Thursday, May 8, 2008

The U.S. Oil Import Crisis is Beginning to Sink In

The average U.S. motorist drove less in 2007 than they did in 2006 - about 1 % less.  Still, that was not enough to stop oil prices from DOUBLING since last year.  Preliminary data indicate that Q1 2008 vehicle miles traveled declined when compared to Q1 2007.  

This is no coincidence.

The TOTAL availability of liquid fuel BTU's has fallen in the U.S., and this trend will likely accelerate for the next several years.  Less liquid fuels = less vehicle miles traveled ("VMT"). Simple like that.

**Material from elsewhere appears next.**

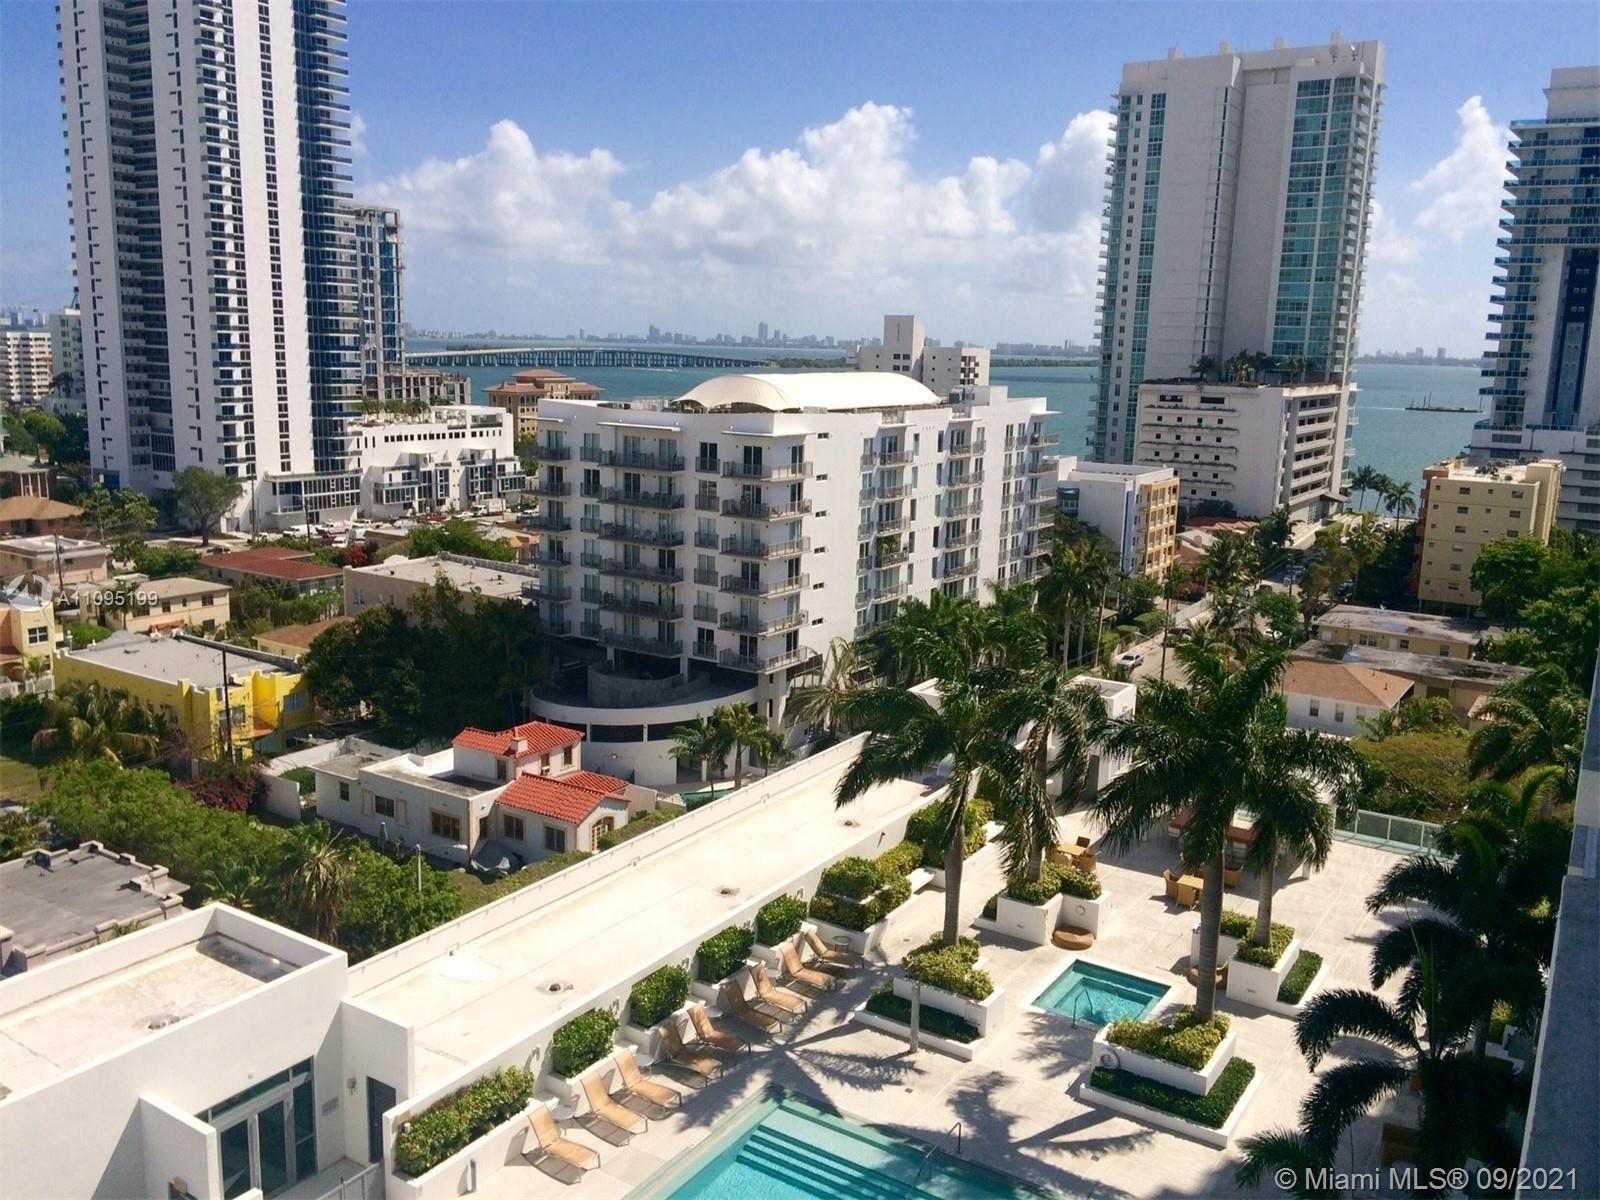 333 NE 24 #1103, Miami, FL 33137 - #: A11095199
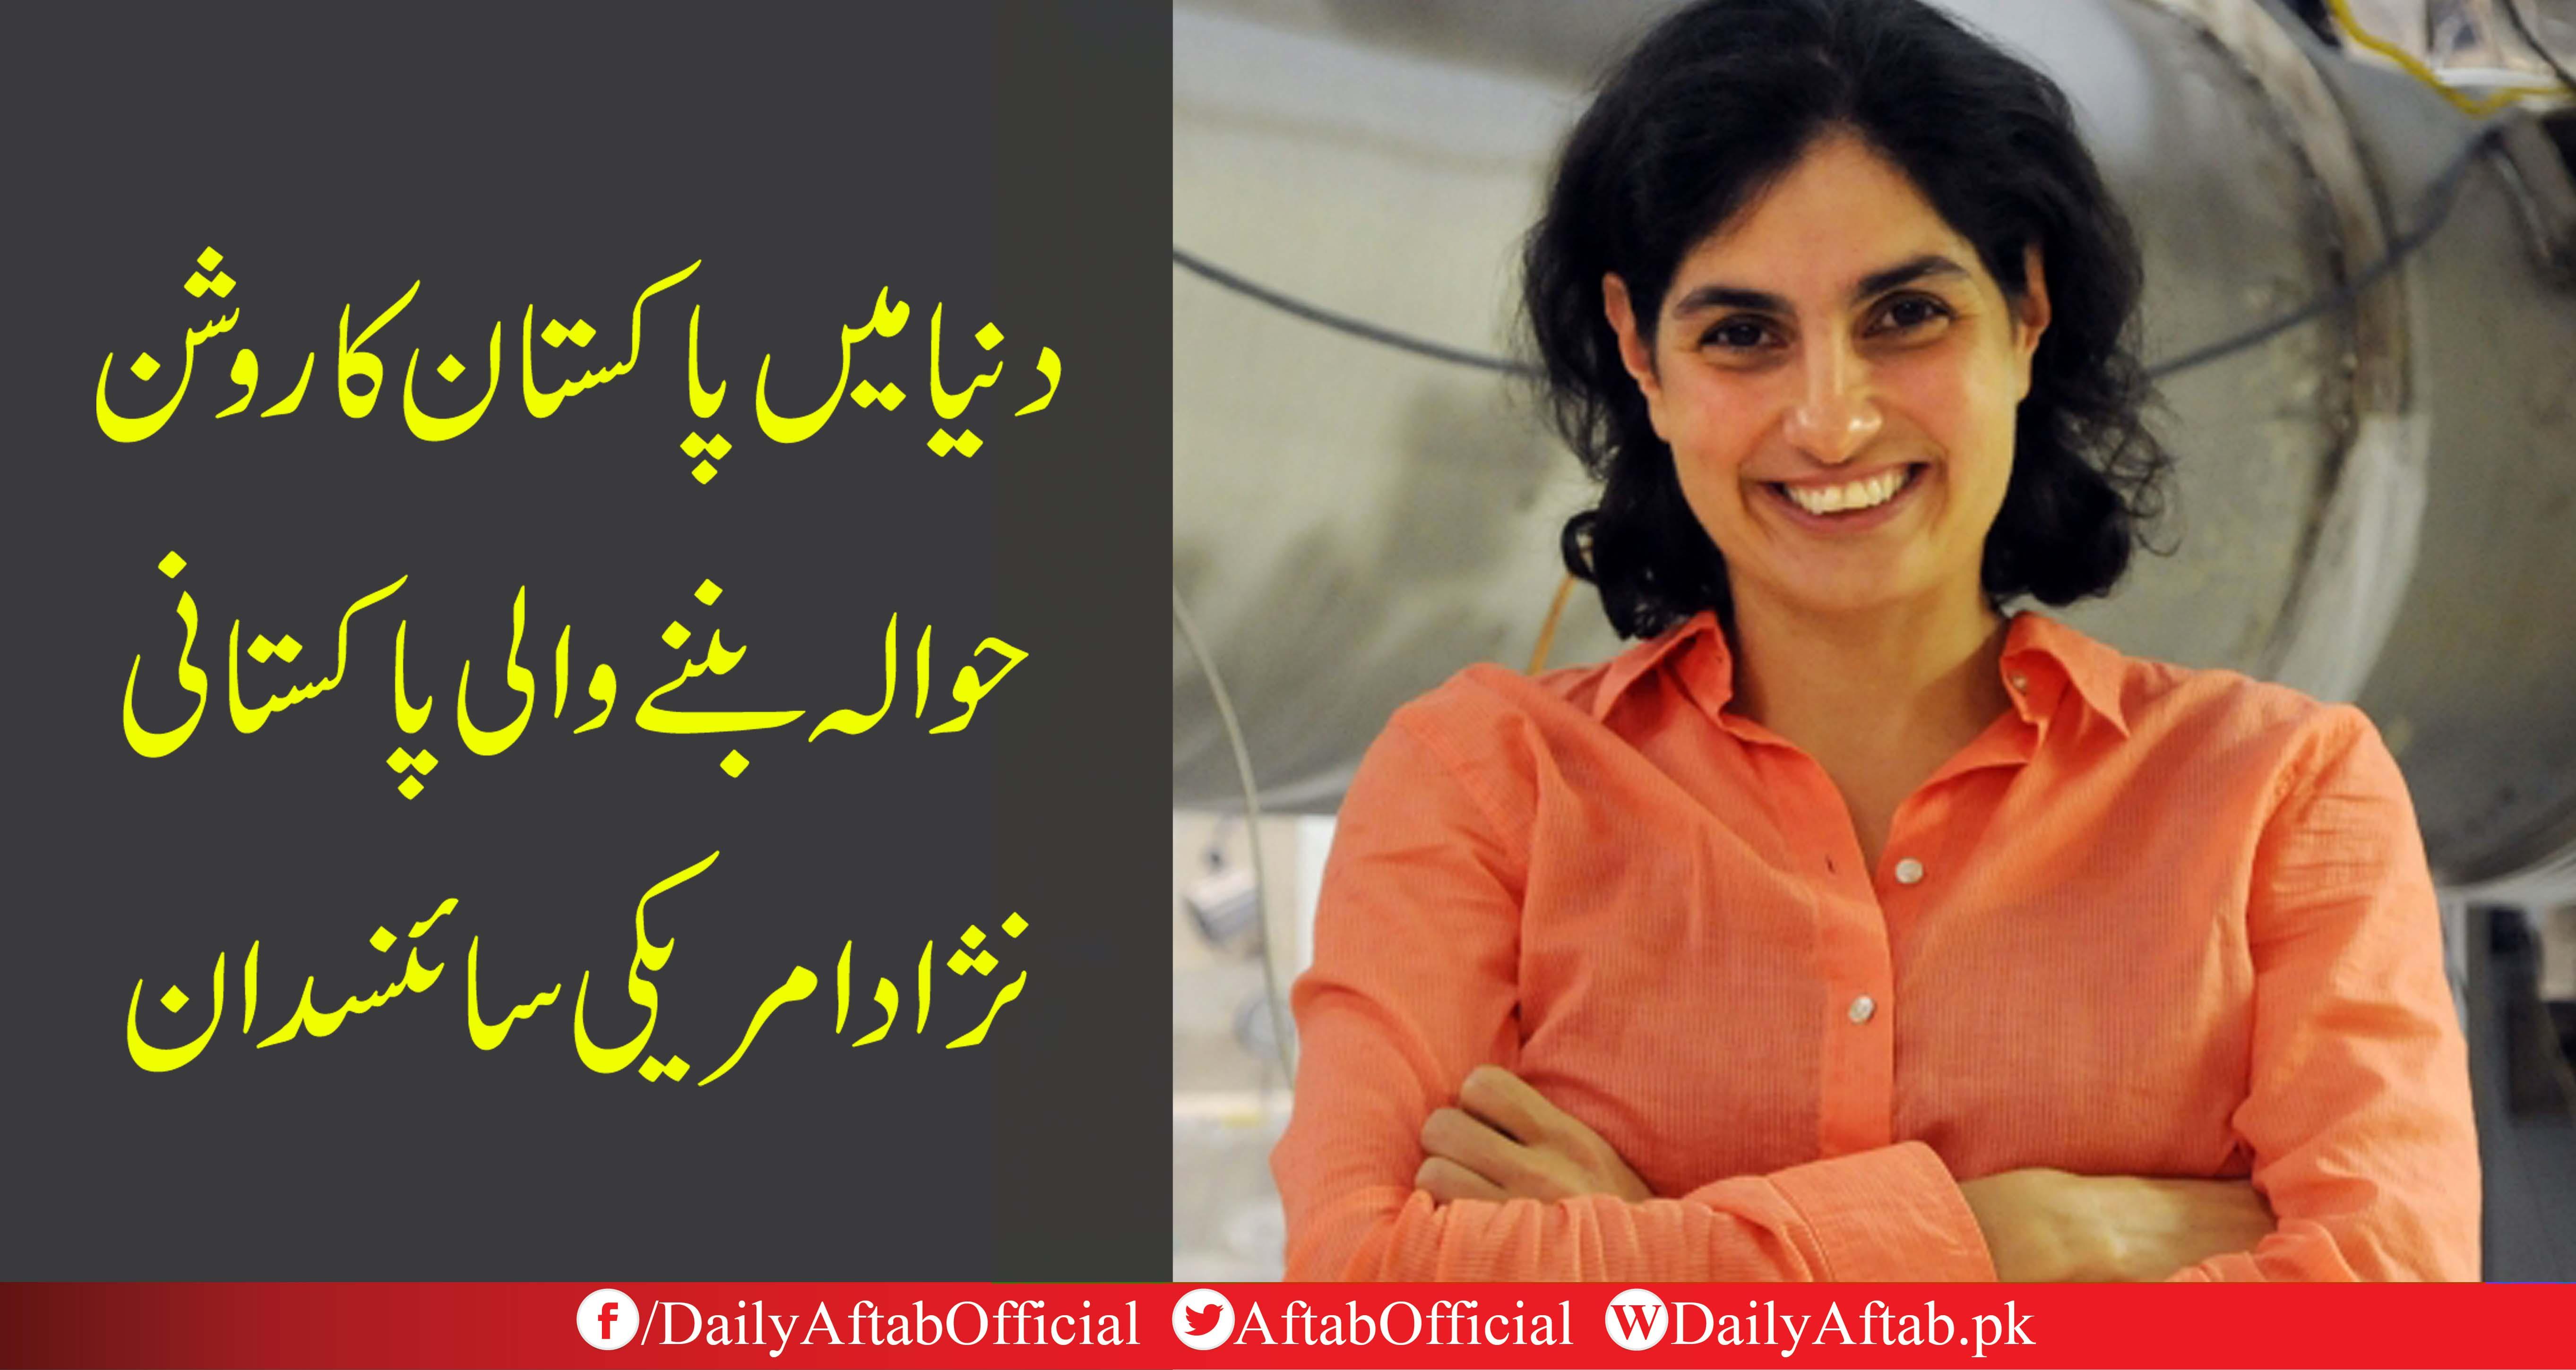 دنیا میں پاکستان کا روشن حوالہ بننے والی پاکستانی نژاد امریکی سائنسدان

So how can the economy resume its growth pattern if little Suzie can't cruise to the mall and drop a hundred bucks on future love handles and saddle bags along with some worthless chachkas?  If we drive 1% less don't we consume 1% less tire rubber, roadside food, and healthcare for car accidents?  Care to guess what the decline in VMT will be for 2008 over 2007?  I will bet closer to 2% - and then it gets REALLY interesting.  Just think what the economy will look like in 2010 with a drop in VMT of 10% compared to 2006.  Life will go on, as long as you are not a financial or real estate professional.

Look out a little further and electricity rationing comes firmly into view.